As consumer electronics and video entertainment industry analysts are preparing to descend upon Las Vegas once again, to attend the International CES next week, perhaps now is the perfect time to consider the outlook for the evolving pay-TV sector.

Infonetics Research has released excerpts from its latest global market study and associated report, which tracks pay-TV subscribers and video equipment sold to telco IPTV, cable and satellite television service providers.

"Pay-TV providers are sweating their existing encoding assets as they wait for the next generation of platforms that support HEVC (high efficiency video coding) so they can reduce current bandwidth requirements while preparing for ultra-definition TV, such as 4K," said Jeff Heynen, principal analyst for broadband access and pay-TV at Infonetics Research.

According to the Infonetics global market assessment, demand for contribution encoders among broadcasters will remain steady through 2017, with increases in spending due to the long-term transition to support HEVC and newer high-definition video formats.

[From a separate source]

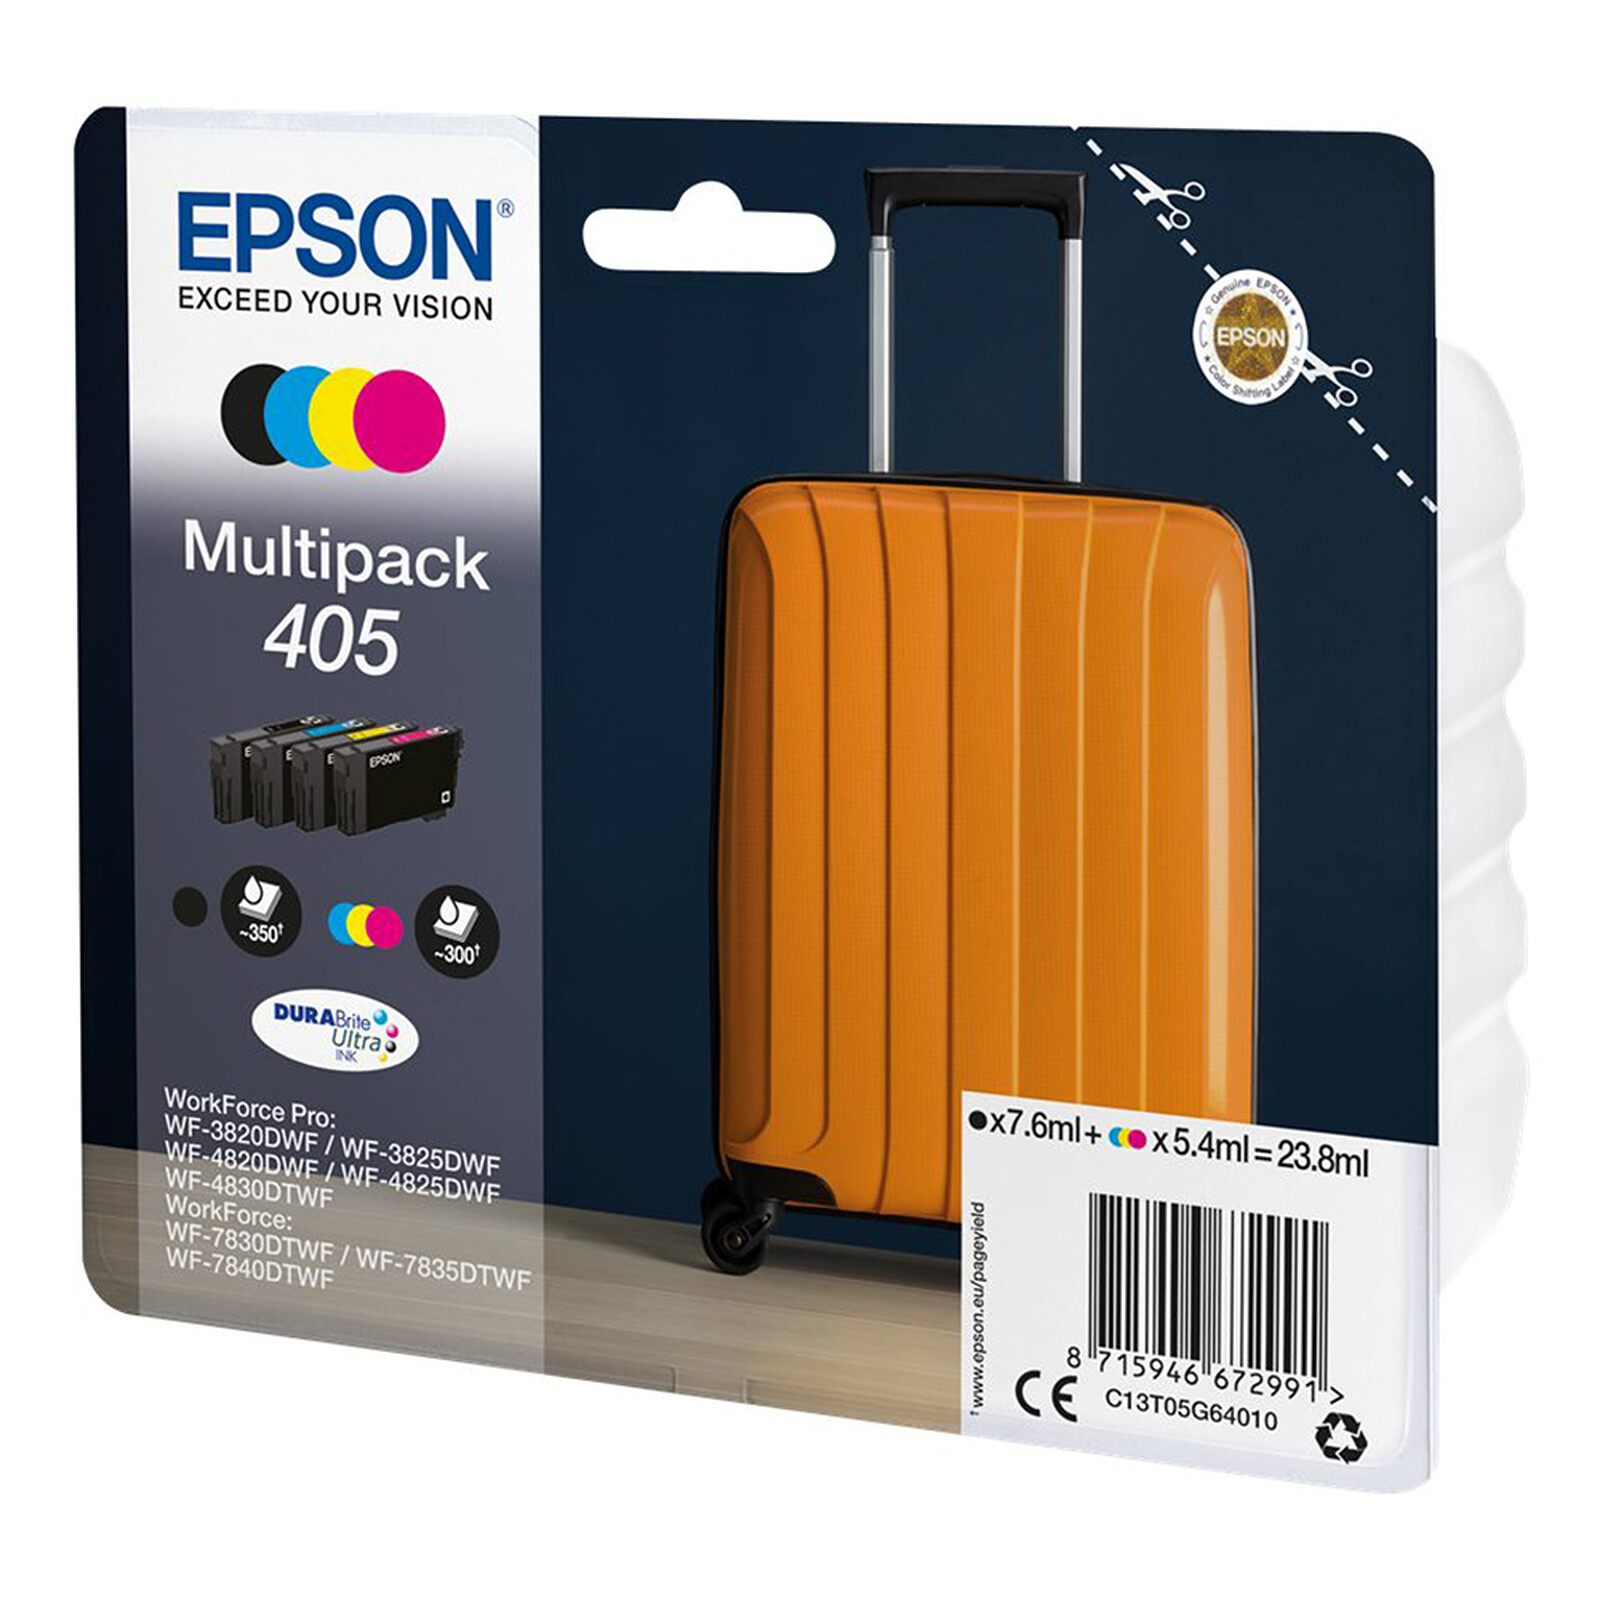 Epson Valise 405 4 couleurs - Cartouche imprimante - LDLC
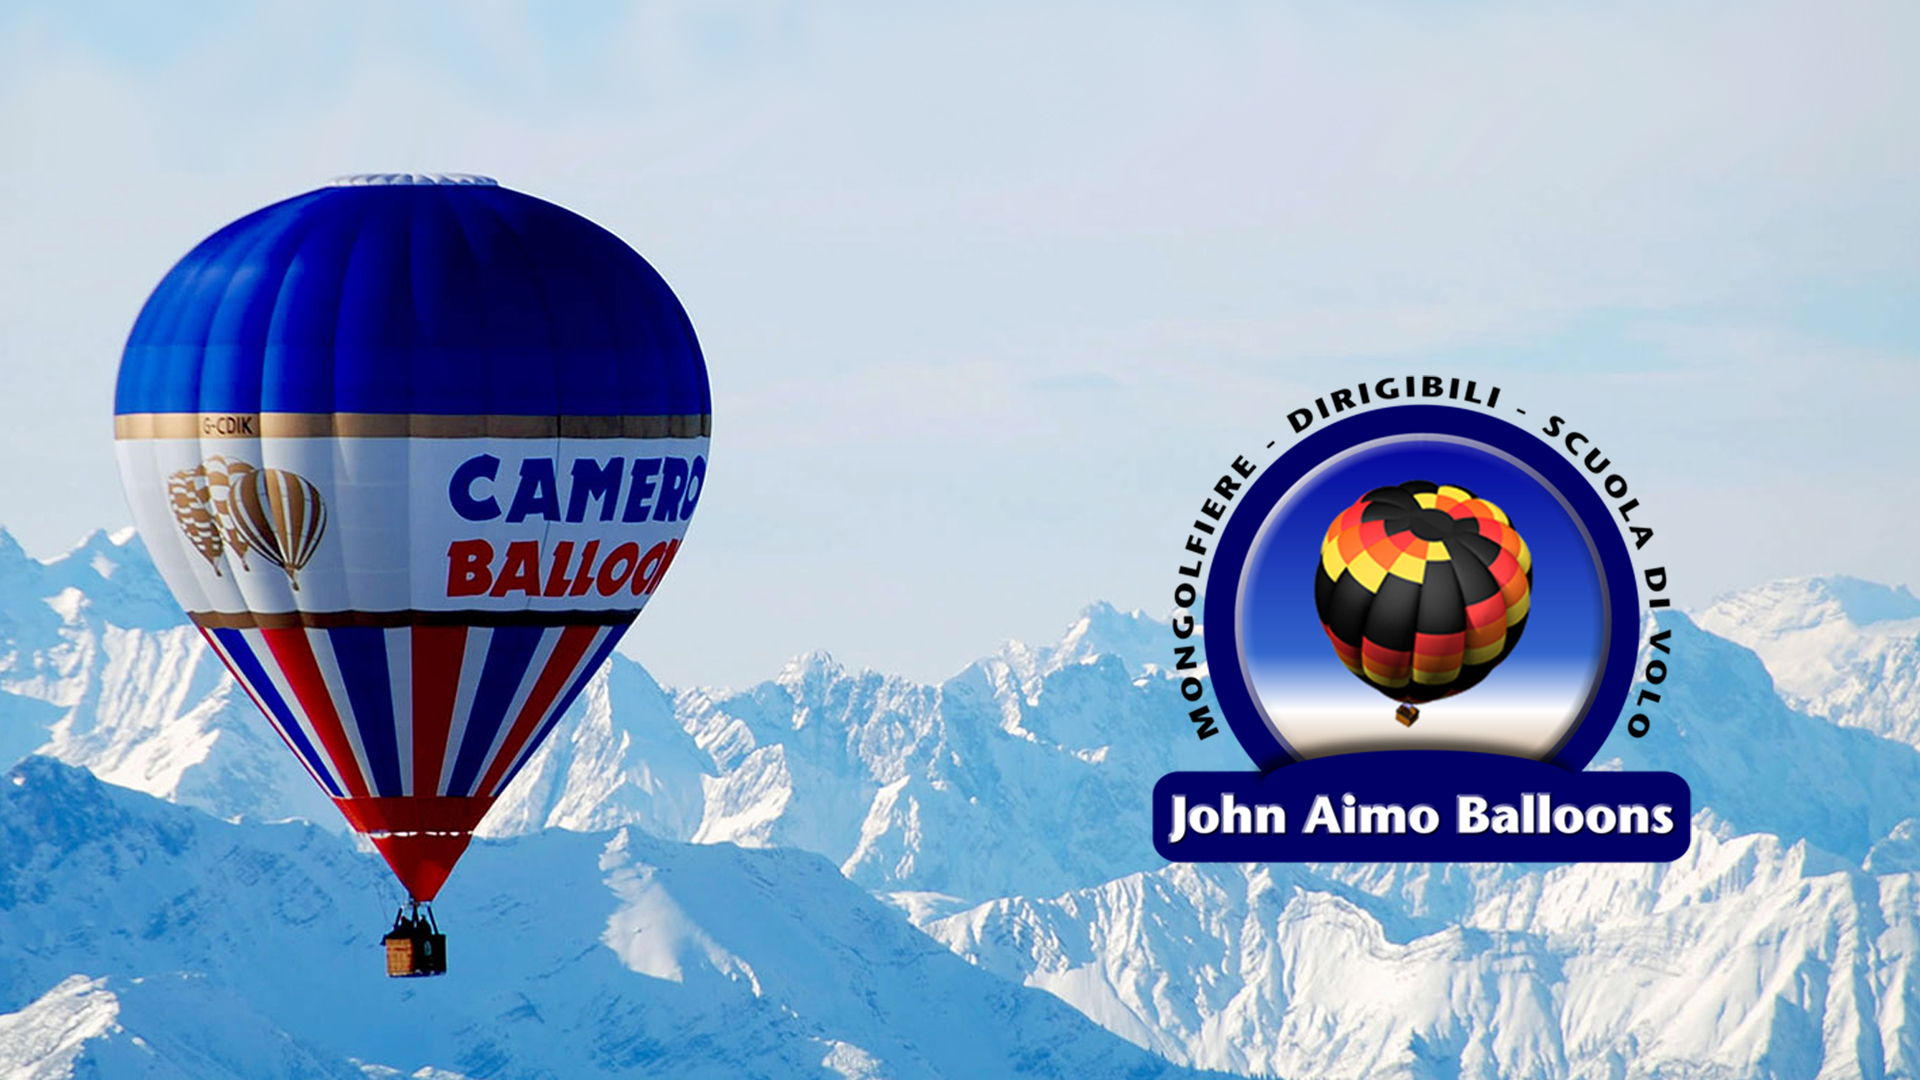 John Aimo Balloons

Other findings from the market study include:
  • Infonetics expects the global broadcast and streaming video equipment market to decline about 9 percent in 2013 to $1.39 billion, then it will grow throughout the forecast period up to 2017.
  • Content delivery network (CDN) edge servers, which serve as streaming video pumps for over-the-top (OTT) and unicast content, are forecast by Infonetics to grow at a 21 percent CAGR from 2012 to 2017.
  • Spending on video-on-demand (VOD) playout servers is expected to decline in the short term, though pay-TV providers will continue to use them while shifting spending to CDN edge servers to support multiscreen and OTT video content.
  • Multiscreen broadcast encoder revenue is anticipated to increase slightly over the next 4 years as operators transition to software-only platforms and encoders with integrated transcoding.